This paper proposes a Multi-Feature Hybrid Deep Learning Model for Phishing Website Detection that aims to improve detection accuracy and reliability by combining multiple features and advanced deep learning techniques. Unlike existing approaches that focus on a single type of feature, the proposed model integrates URL-based features, HTML content-based features, and domain-based security features to provide a more comprehensive analysis of websites. These features help the system understand both structural and behavioral characteristics of phishing websites.
To effectively analyze these features, a hybrid deep learning architecture combining Convolutional Neural Networks (CNN) and Long Short-Term Memory (LSTM) networks is introduced. The CNN component is used to extract meaningful patterns and hidden structures from website content, while the LSTM network captures sequential dependencies and patterns within URLs. The extracted features are then combined using a feature fusion layer, followed by classification using dense layers to determine whether a website is legitimate or phishing.
The proposed system aims to enhance phishing detection performance by leveraging multi-feature analysis and hybrid deep learning techniques. Experimental evaluation demonstrates that the proposed model improves detection accuracy and reduces false positives compared to traditional machine learning and single-model deep learning approaches. Additionally, the system provides an automated and scalable solution that can adapt to evolving phishing strategies.
The results indicate that the proposed multi-feature hybrid deep learning model can effectively detect phishing websites and improve cybersecurity protection for users. This research contributes to the development of intelligent cybersecurity solutions and highlights the importance of combining multiple features with hybrid deep learning techniques for enhanced phishing detection. The proposed approach can be further
extended to real-time phishing detection systems, browser security tools, and enterprise-level cybersecurity applications.

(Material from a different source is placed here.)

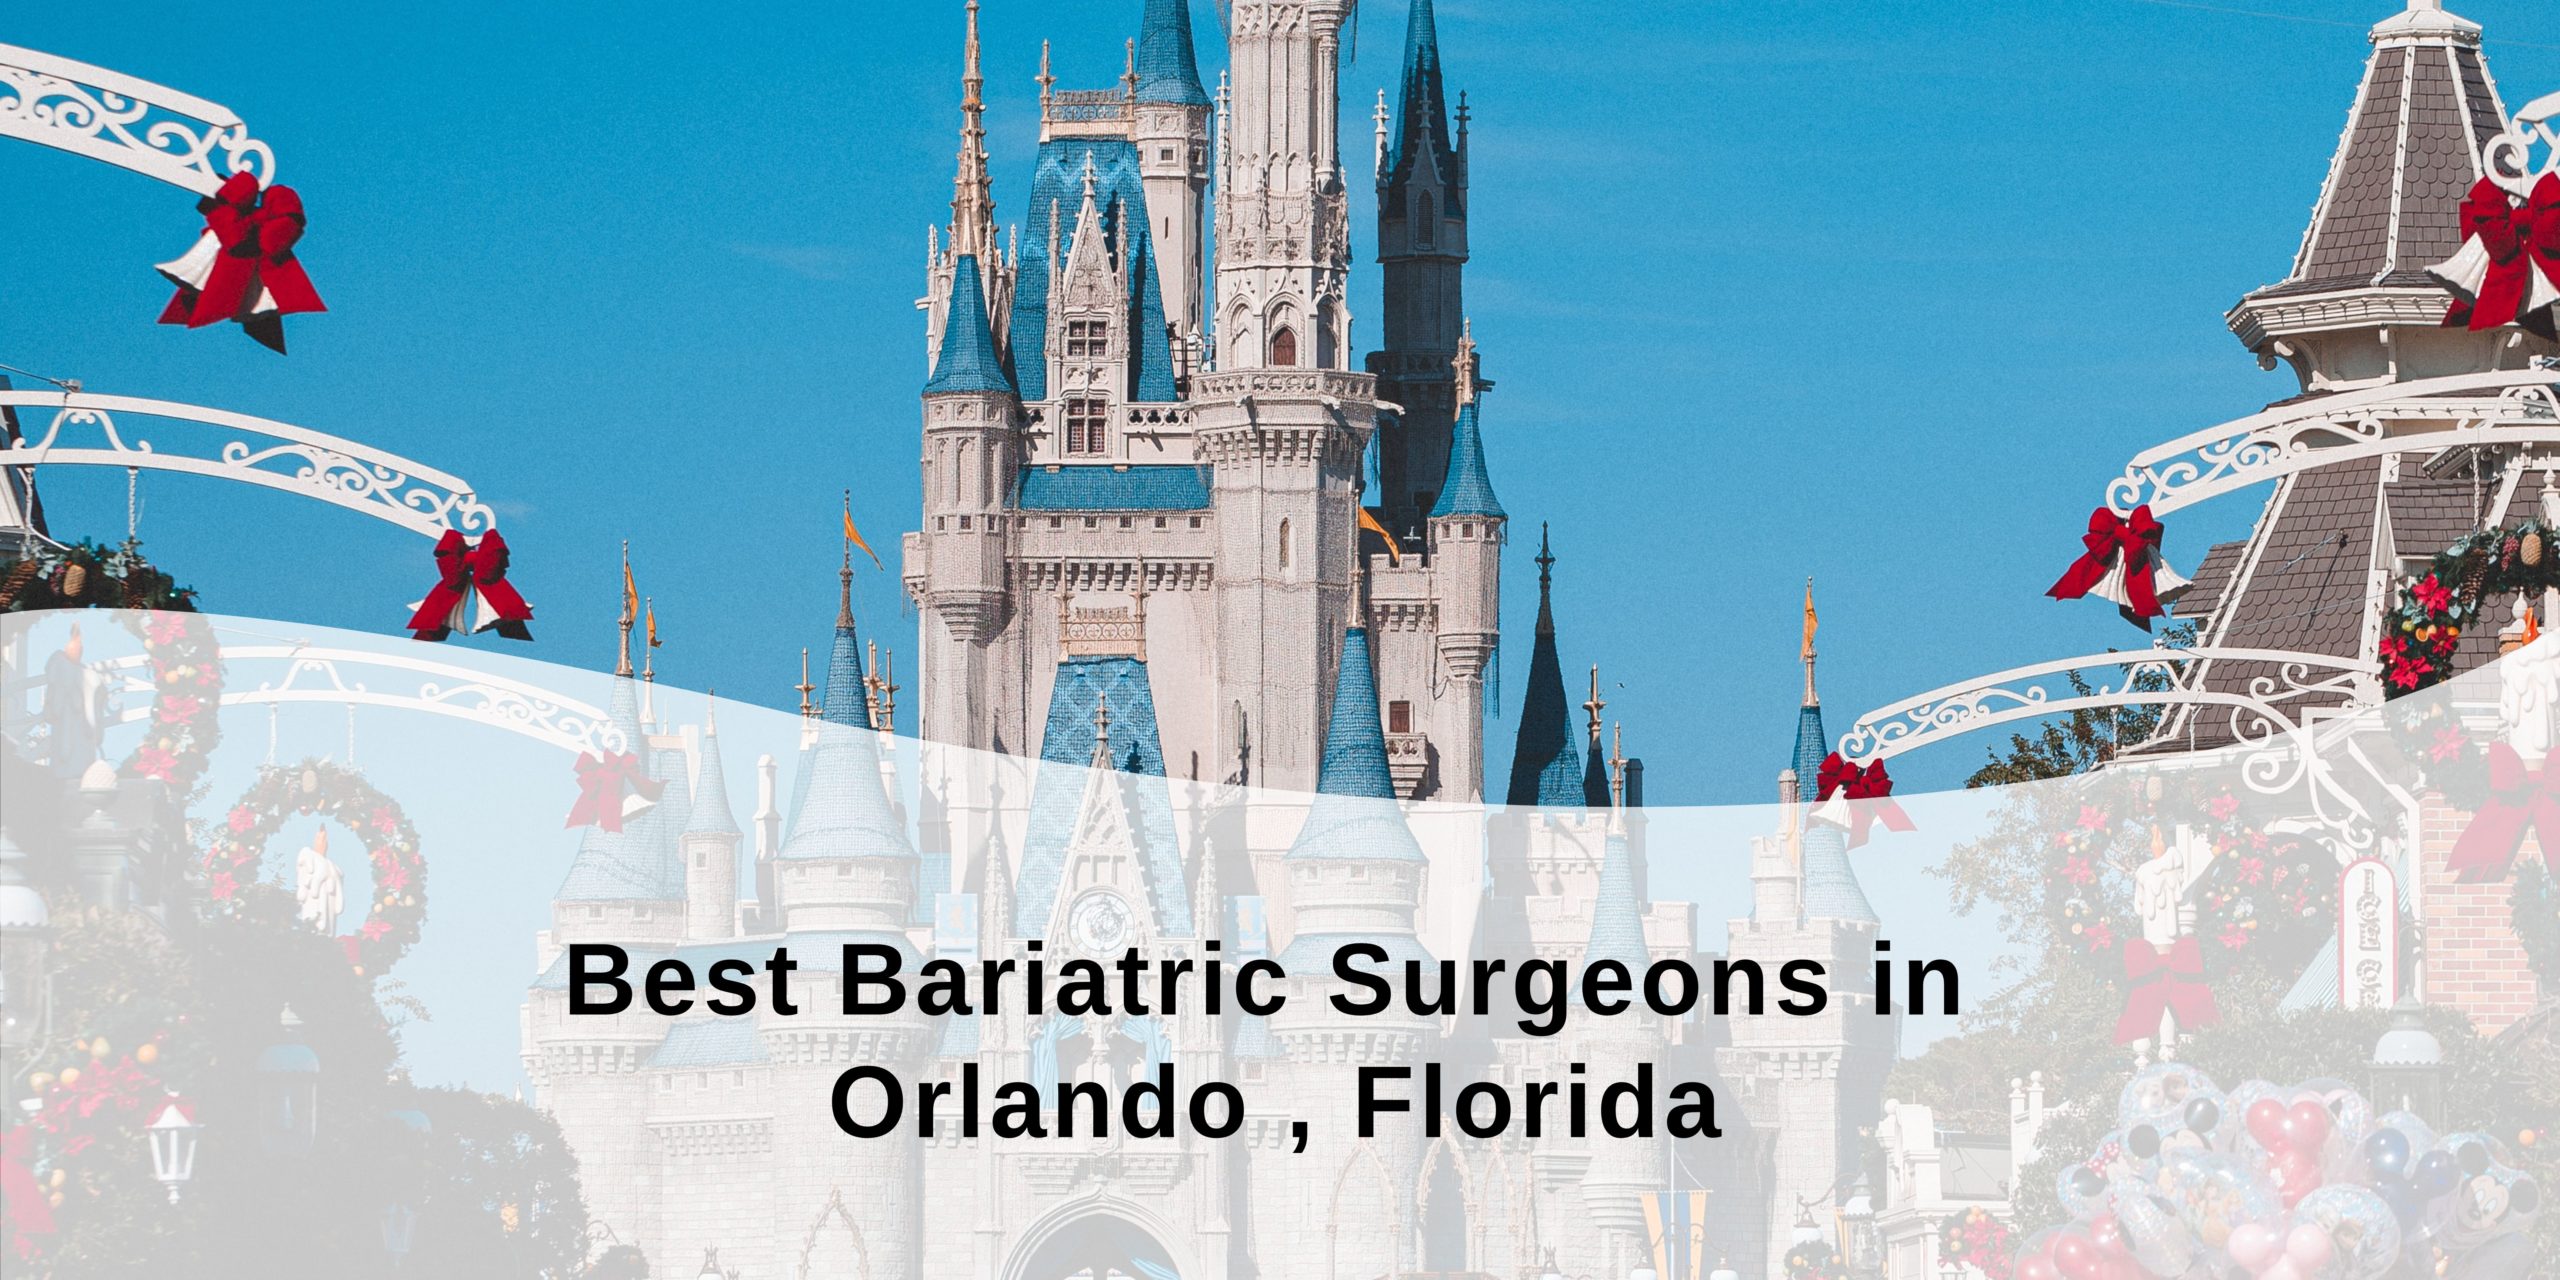 Best Bariatric Surgeons in Orlando, Florida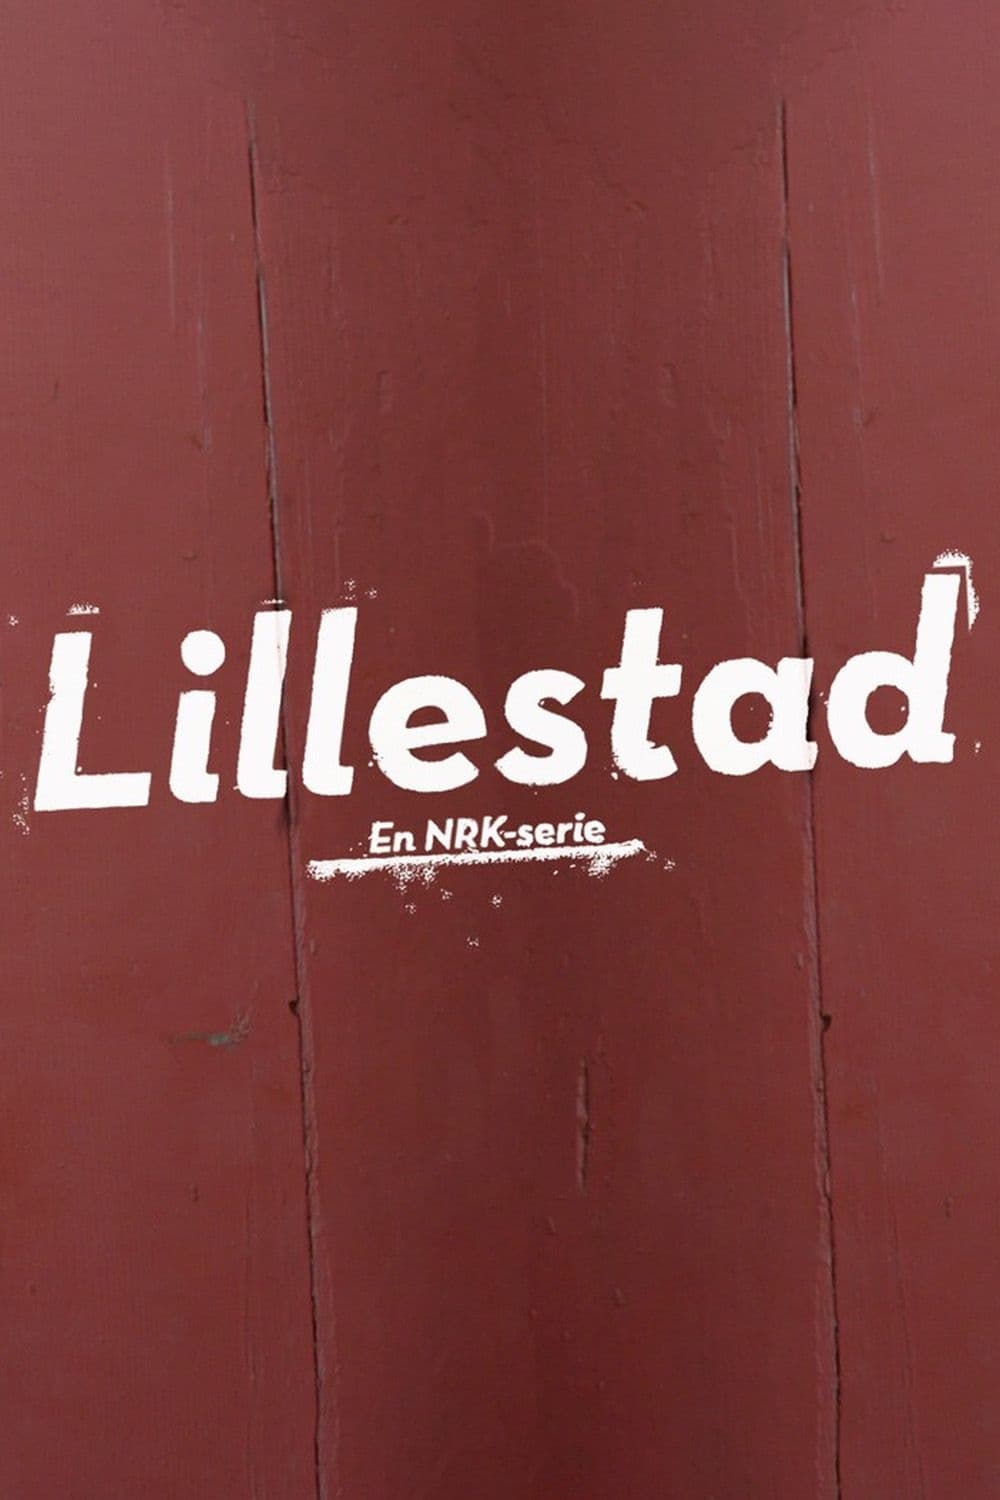 Lillestad

Keywords Phishing Website Detection, Cybersecurity, Deep Learning, Hybrid CNN-LSTM Model, Machine Learning, Feature Extraction, URL Analysis, Domain-Based Features, HTML Content Analysis, Artificial Intelligence, Multi-Feature Learning, Real-Time Detection, Classification, Data Preprocessing, Cyber Attack Prevention
Introduction
With the rapid growth of internet usage and digital technologies, online platforms have become an essential part of daily life. Users rely on online services for banking, shopping, education, communication, and various other activities. However, this increasing dependence on digital platforms has also led to a significant rise in cyber threats. Among these threats, phishing attacks have emerged as one of the most common and dangerous forms of cybercrime. Phishing websites are malicious websites designed to mimic legitimate platforms in order to deceive users into providing sensitive information such as login credentials, credit card details, and personal data.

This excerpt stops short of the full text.